A comedy novel about a woman with secondary breast cancer, she is given a life expectancy prognosis of just twelve months and it’s about what happens over that time period.
That sounds very interesting. Do you have a website/blog/Twitter/Facebook dedicated to your writing?
Is there anything else you'd like to add?
Don’t just say you want to write, do it. Until you exercise those digits you’re still a dreamer.
Good advice.

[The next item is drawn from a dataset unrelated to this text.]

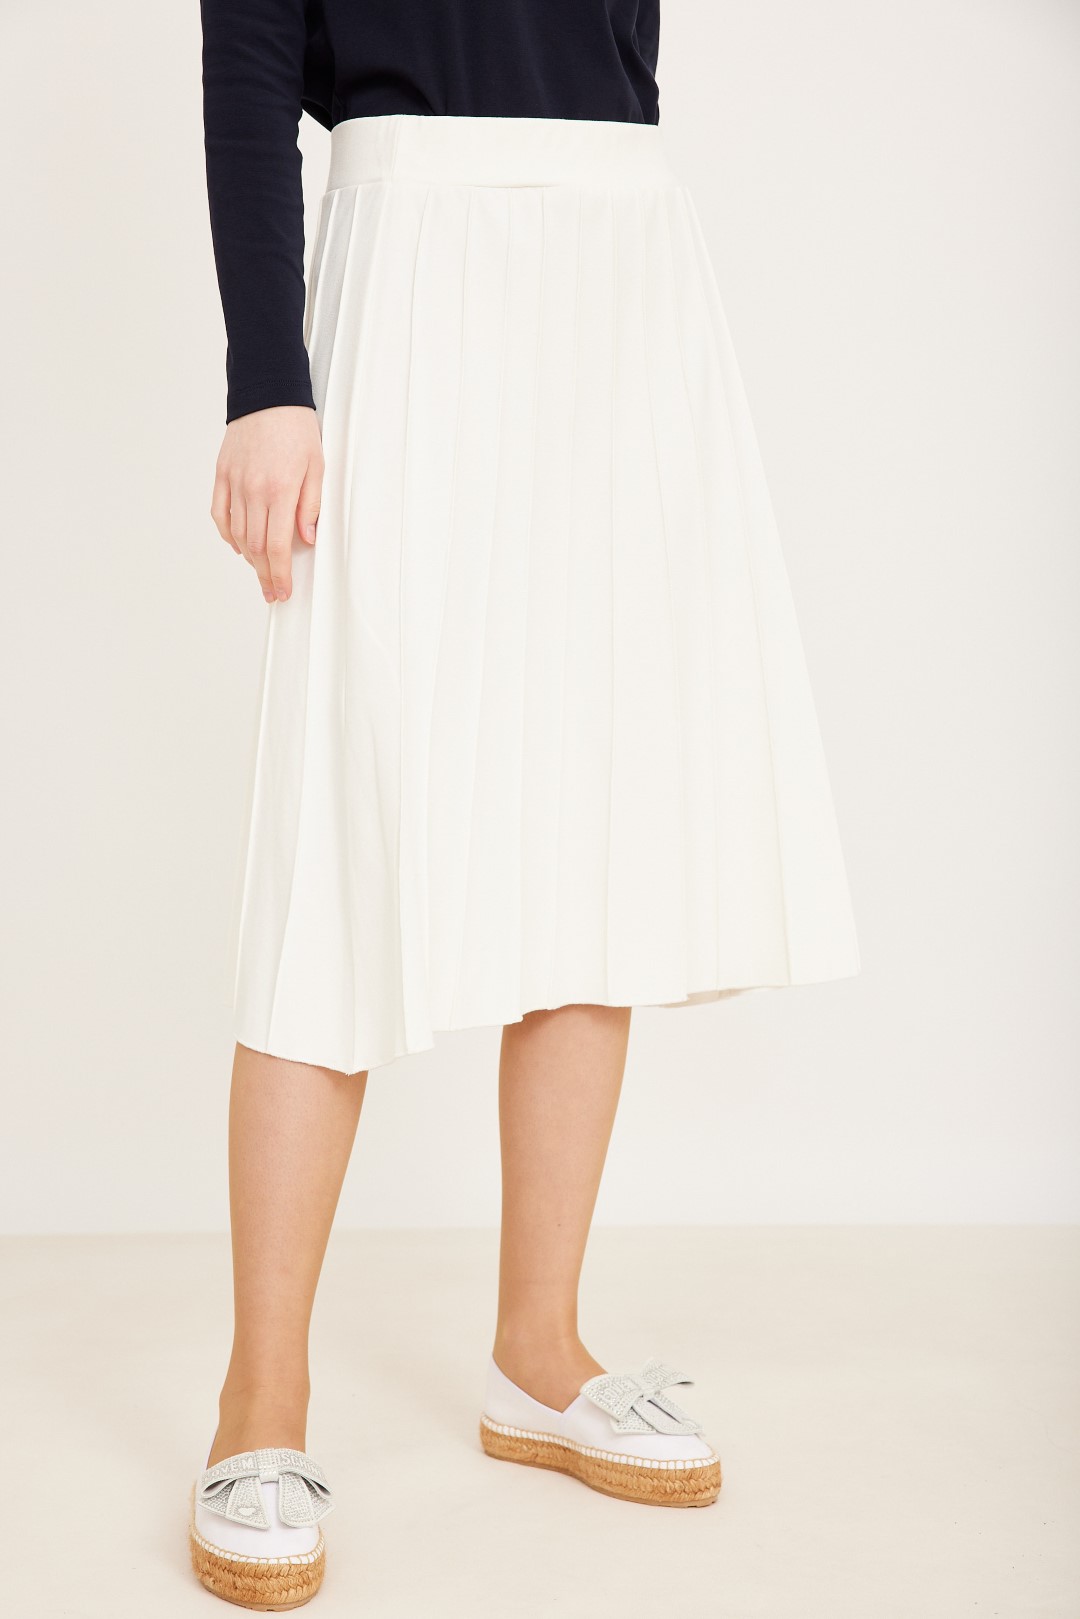 חצאית מחולקת לבנה (קיים גם בשחור)

Would you be able to provide a short piece of your work?
I'm not a big writer of poetry, but I did find this one which I wrote back in 1998.
The Watcher in the Waves
Sea, come rolling in to shore
Let white foam swallow me
Pull me deep into your bowels
Your salty black abyss
Steal away my fragile life
I’m sure I’ll never miss
The blue of summer skies
The velvet of a kiss
Waves erode my consciousness
Salt remove my mind
A thousand mermaid siren songs
Like thunder shatter time
Darkness envelope my soul
Let creatures suck my life
Its selfless fluid oozes forth
From silent glassy eyes
Let golden shards of morning sun
Break your roaring waves
Let birds alight your frozen skin
To steal a fearful look within
At bodies white and bloated
The wrinkled skin of men
You took to die within your arms
Their watery amen
My lungs scream out with twisting fire
My voice no sound emits
But silent sea you hear my call
But never answer it
My eyes now blind, they cry dry tears
So signals feature forth
But silent sea you sense my need
But never life restore
My ears, full up they sound like bats
A thousand mammals scream
But silent sea you steal my soul
No echo doth redeem
My limbs are numb, they ache with cold
Like an ancient hollow crypt
But silent sea you hold my hand
And never ease your grip
White horses leap upon the sands
Where happy children play
While the watcher in the waves
Waits for another day
To steal a life, to fed his lust
For naked virgin souls
To drag them down into his world
That dark oppressive hole
The watcher never shows his face
The watcher never cries
The watcher only plays a game
With innocent, pale lives
Oh sea come rolling in to shore
Let white foam kiss god’s feet
Repent your sin, release the souls
That swim within the deep
Tormented souls with no release
From blackened eyes and burning lungs
Oh sea come rolling in to shore
Give your moon souls to the sun
© Barry LillieThank you very much Barry.